The answer must be only the lines below from the one holding "Gesetzblatt (GBl.) der" down to the one holding "Dos cisnes de", ends included, printed exactly; please omit all pictures.

### DATA SHOWN
# # # # #

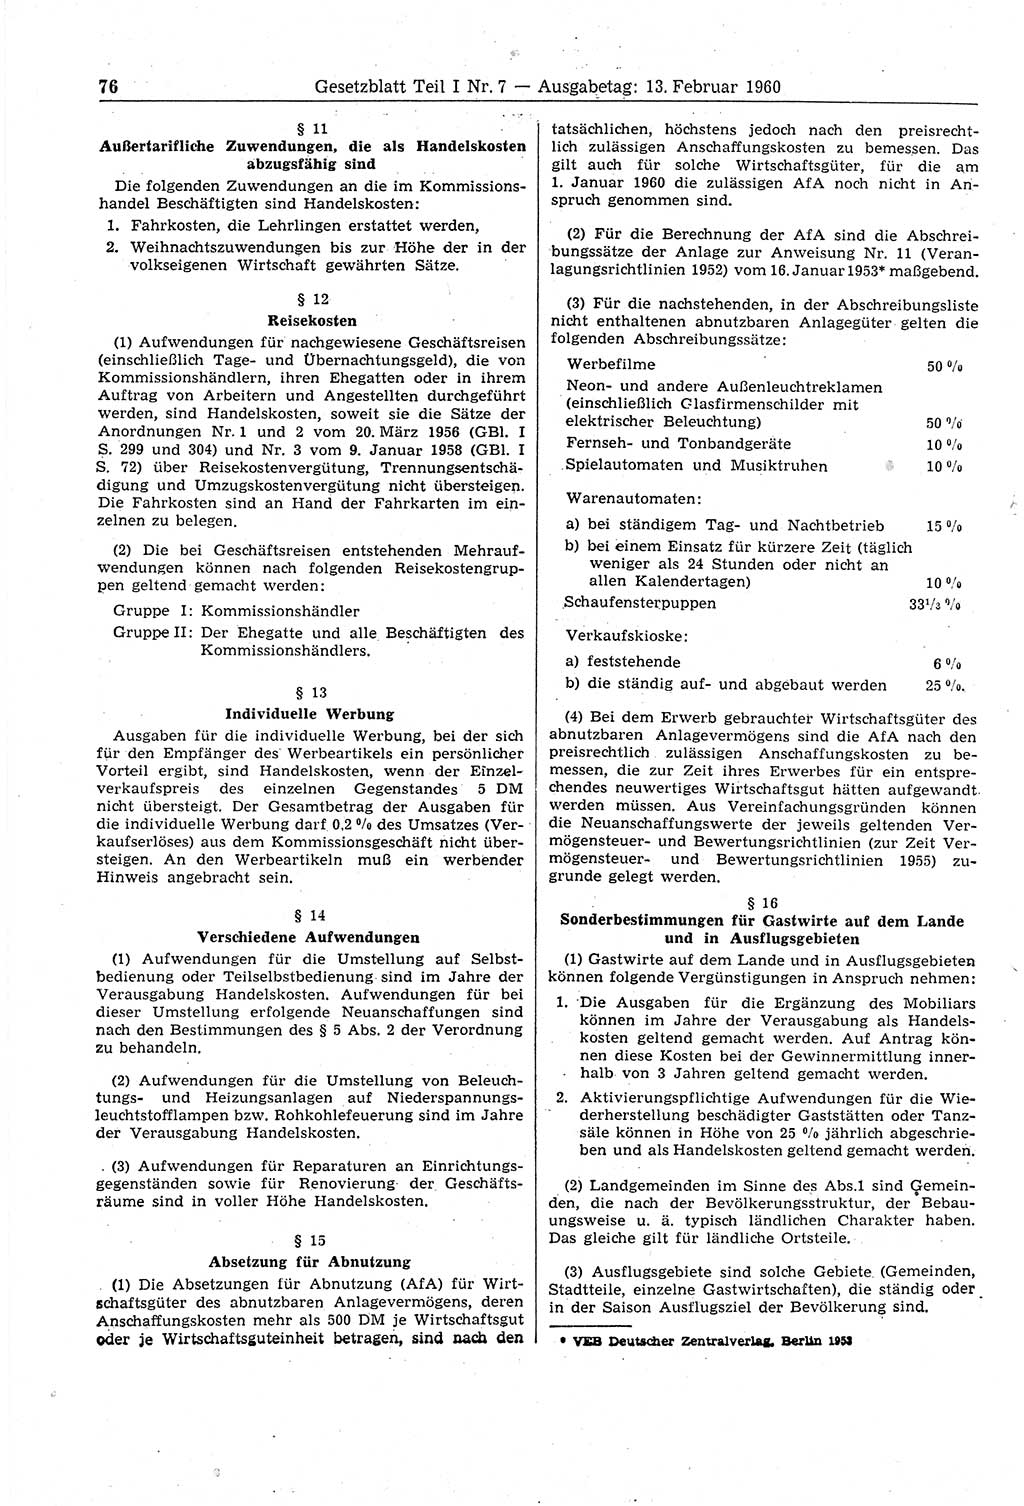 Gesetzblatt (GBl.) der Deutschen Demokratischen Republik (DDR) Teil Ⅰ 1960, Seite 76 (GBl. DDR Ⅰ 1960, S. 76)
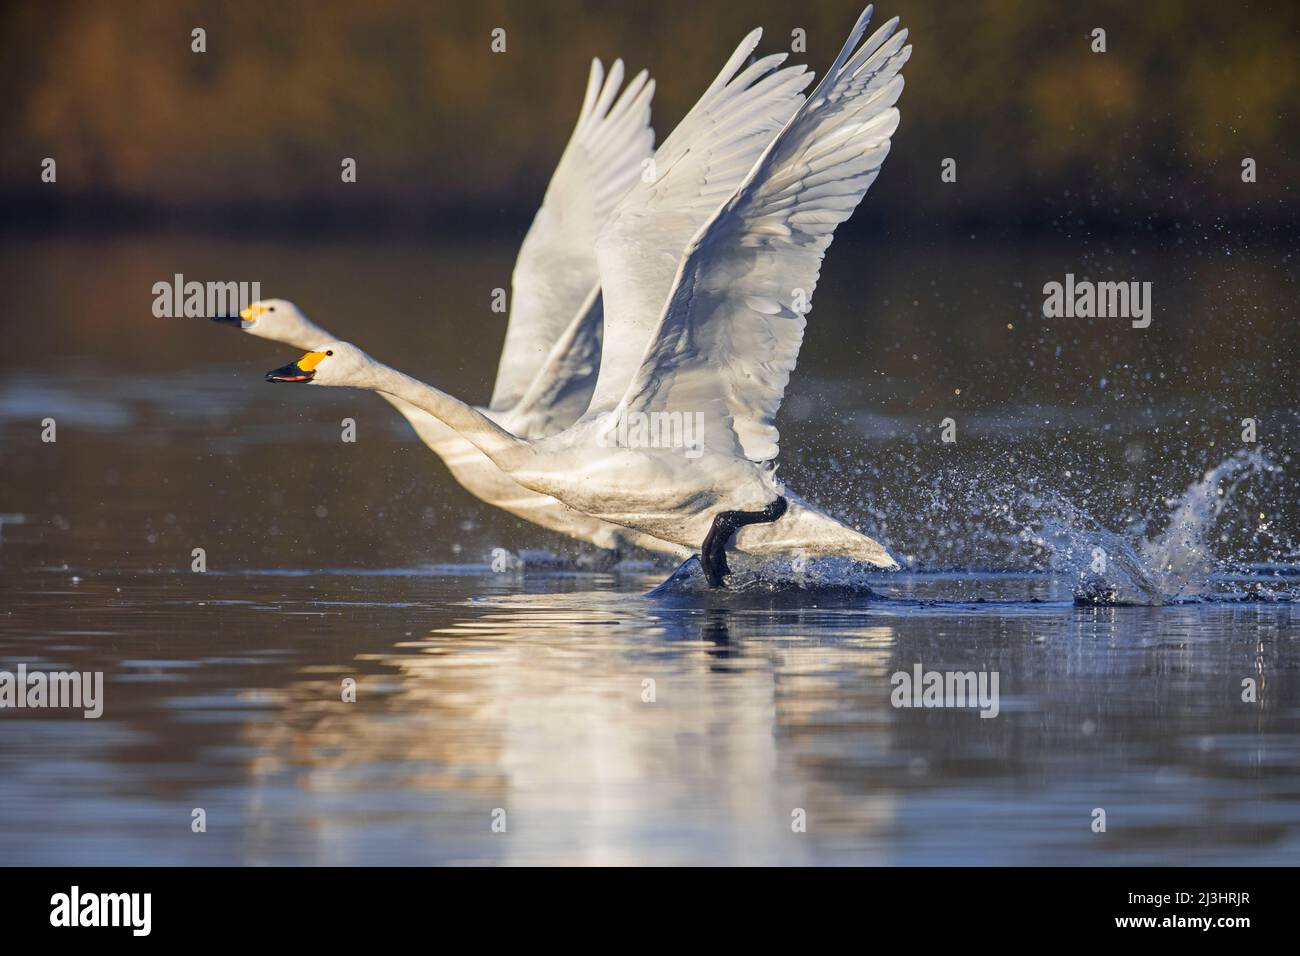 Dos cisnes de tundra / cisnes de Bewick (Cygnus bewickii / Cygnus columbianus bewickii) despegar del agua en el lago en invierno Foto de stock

# # # # #

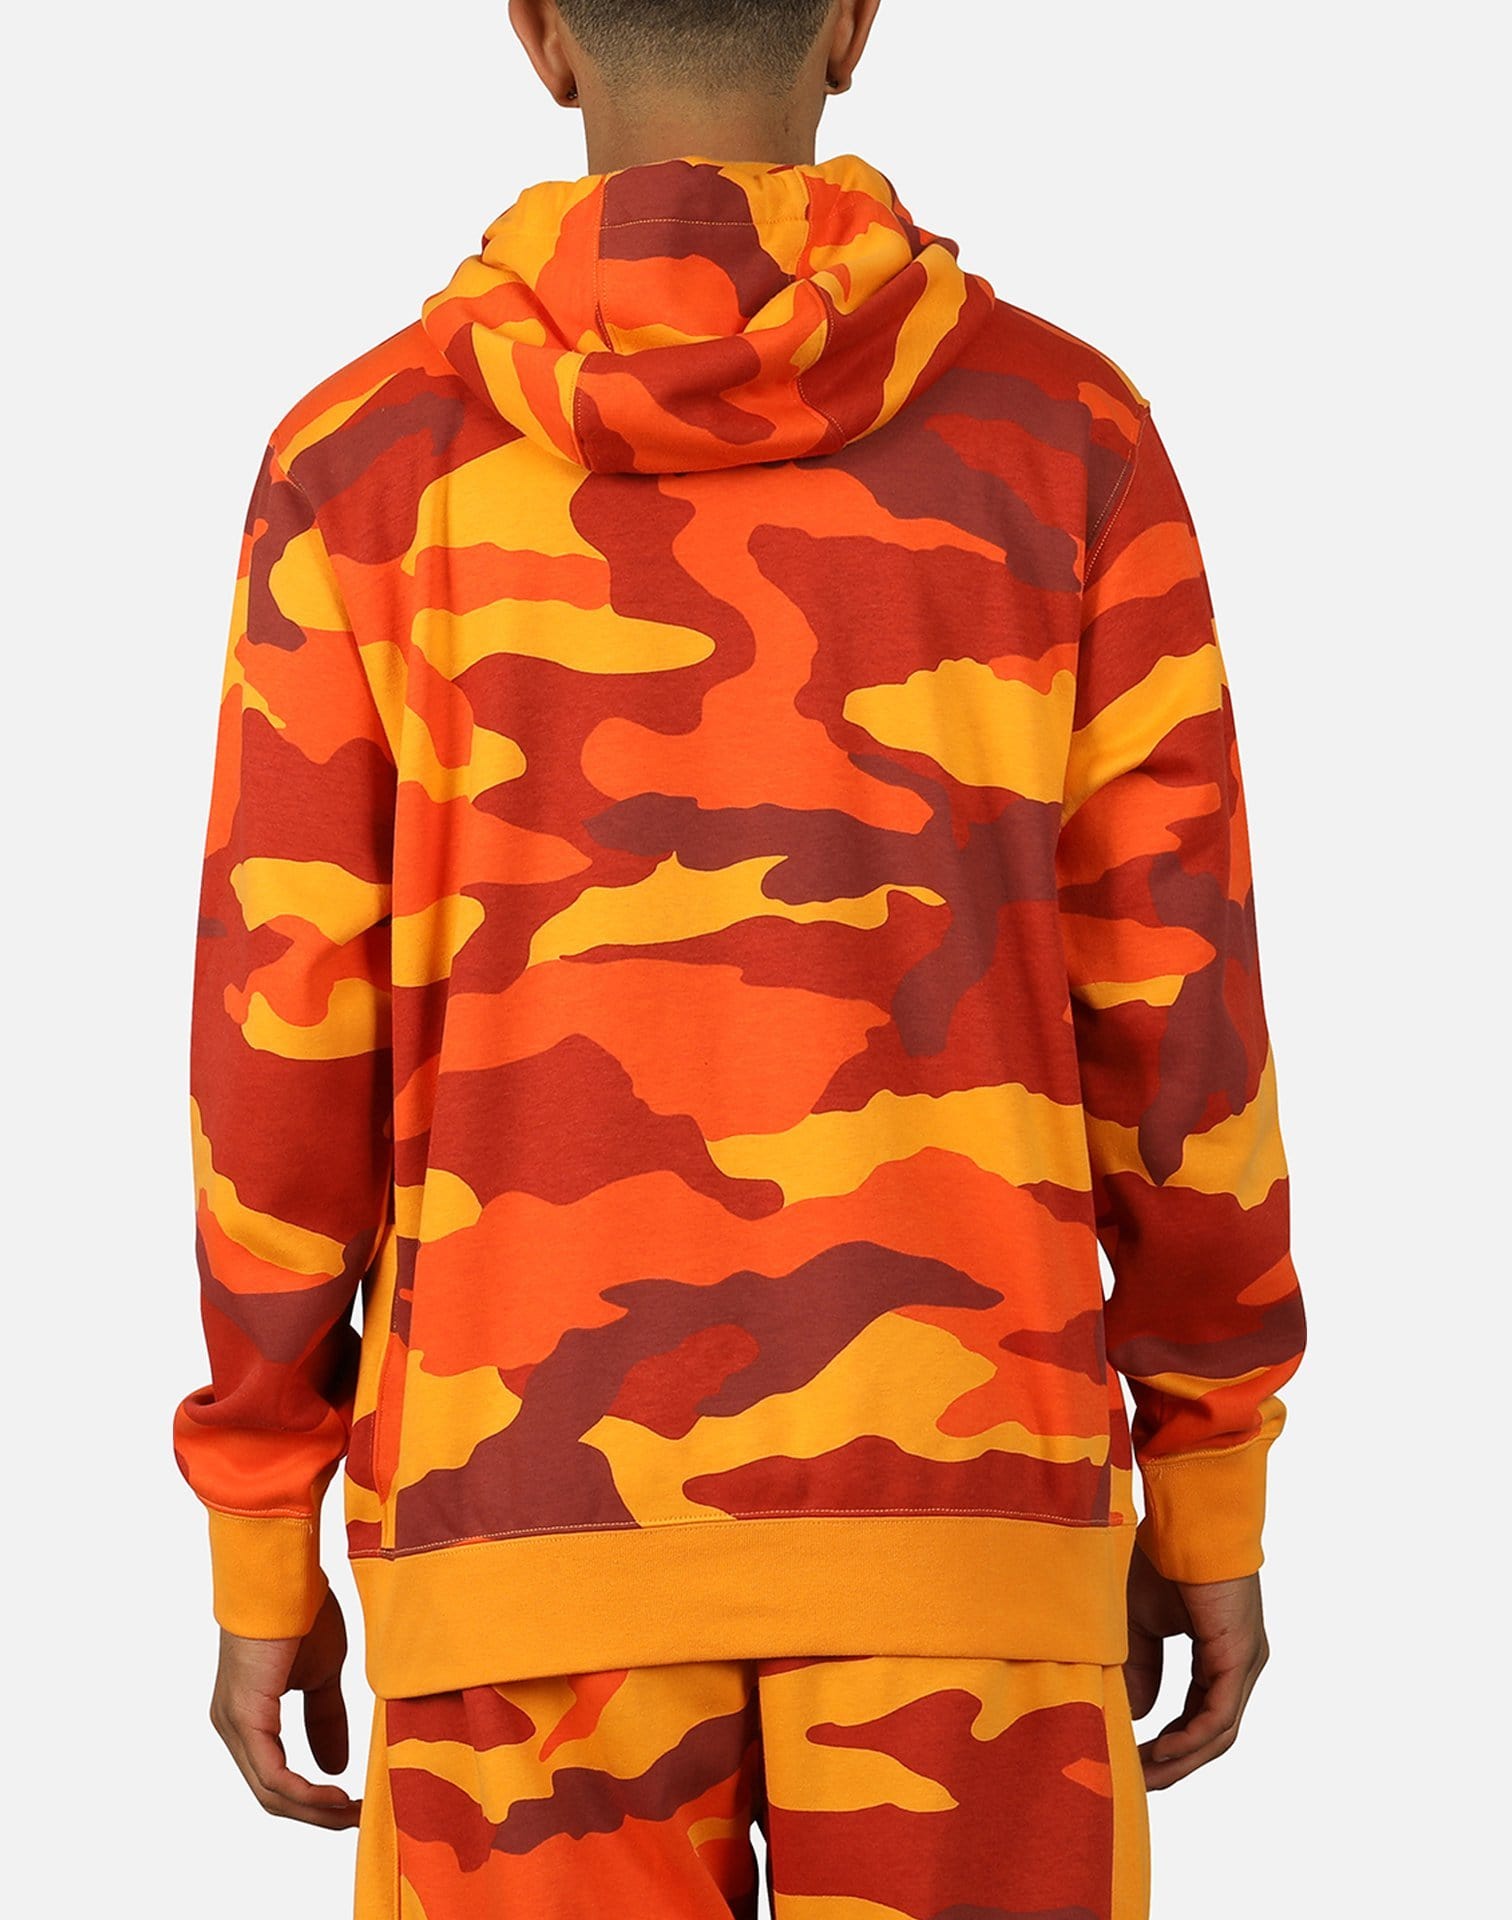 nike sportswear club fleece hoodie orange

# # # # #

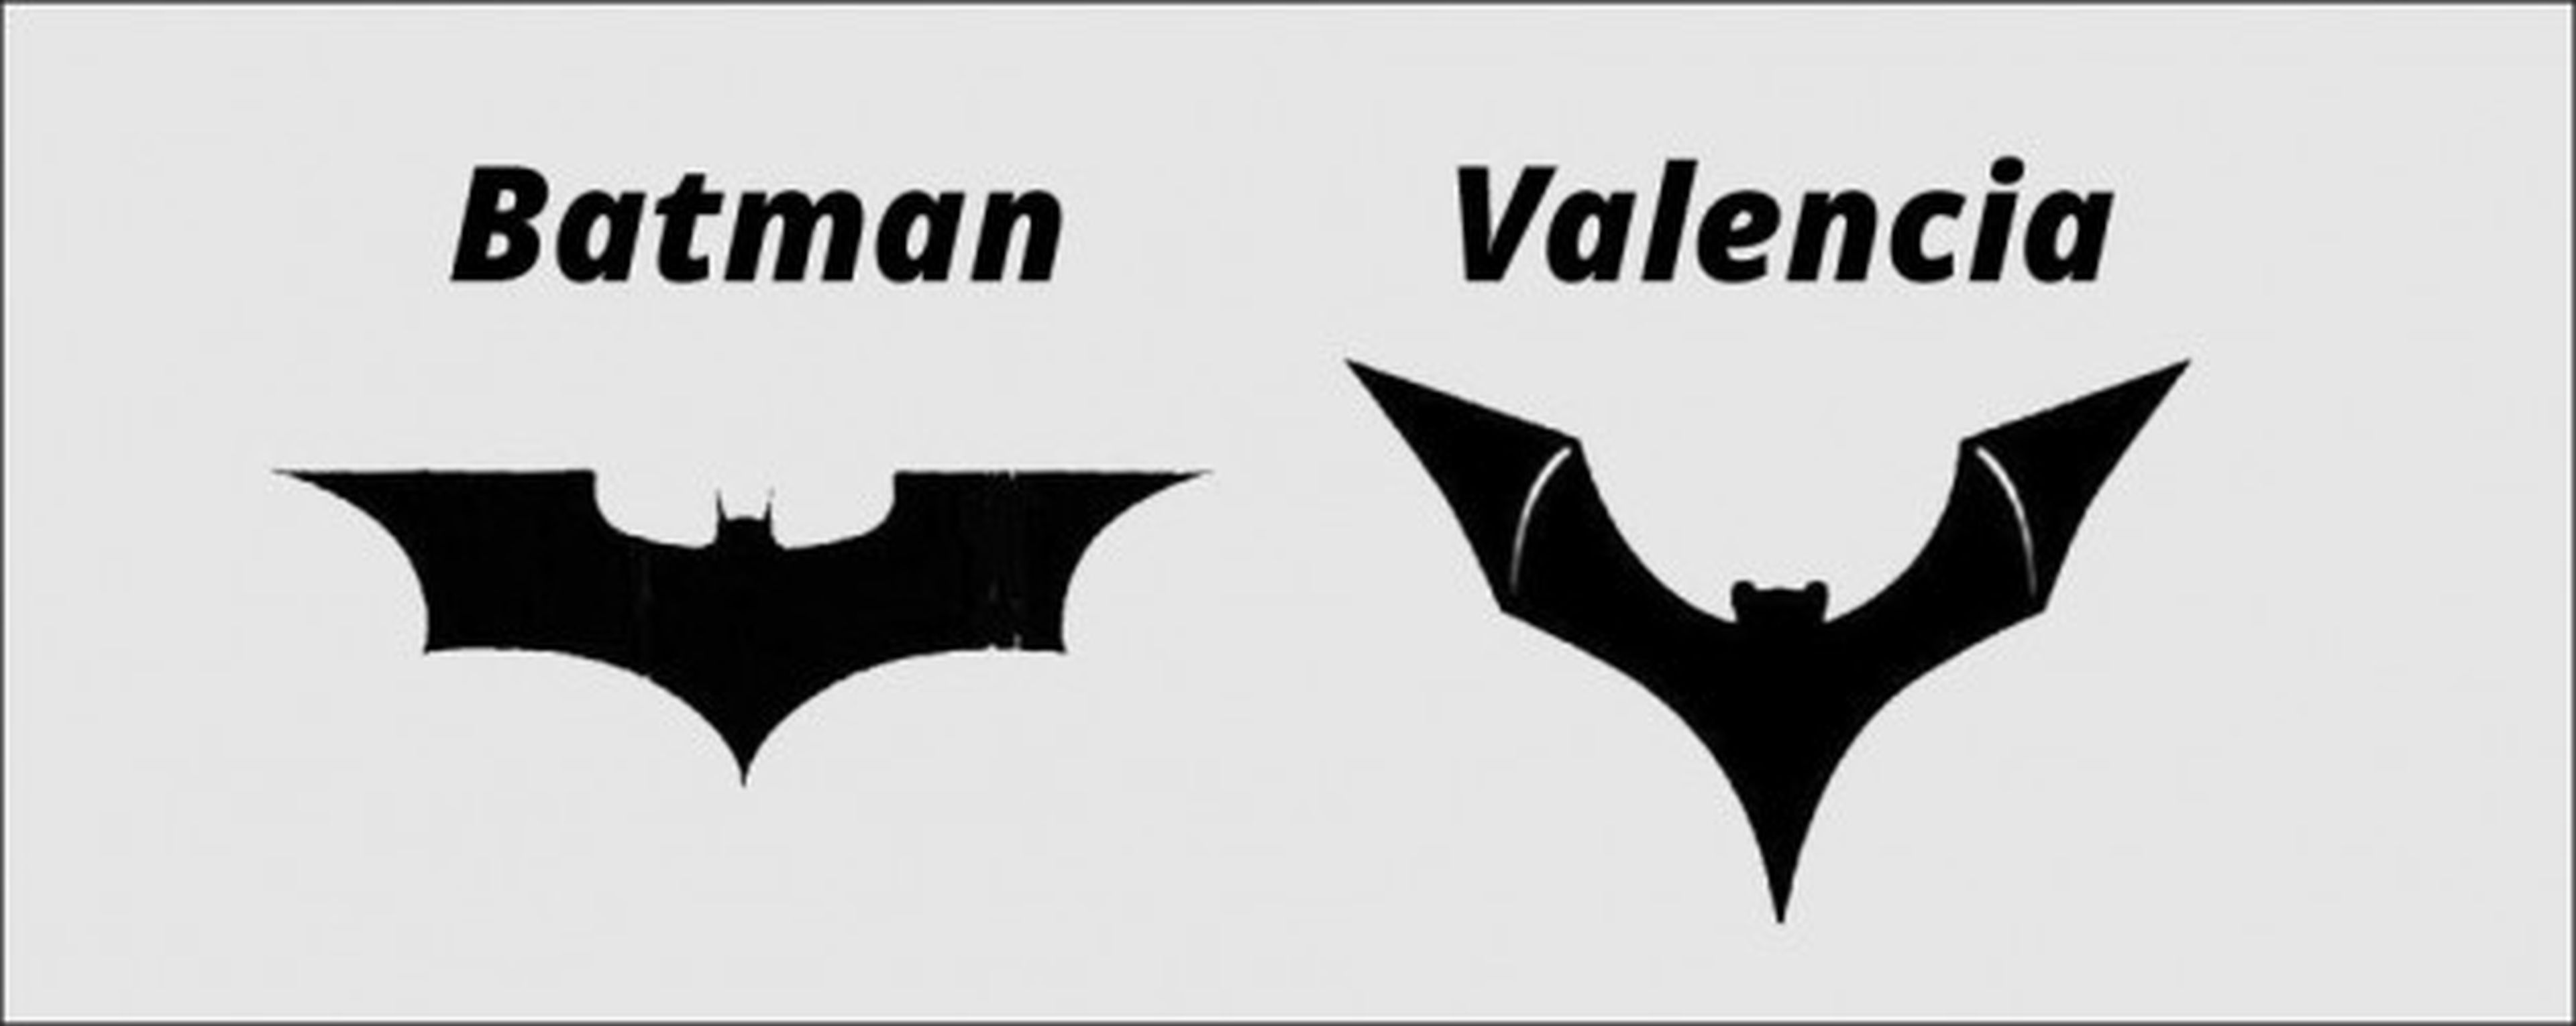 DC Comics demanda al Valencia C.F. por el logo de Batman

# # # # #

### RESULT BELOW
 Gesetzblatt (GBl.) der Deutschen Demokratischen Republik (DDR) Teil Ⅰ 1960, Seite 76 (GBl. DDR Ⅰ 1960, S. 76)
 Dos cisnes de tundra / cisnes de Bewick (Cygnus bewickii / Cygnus columbianus bewickii) despegar del agua en el lago en invierno Foto de stock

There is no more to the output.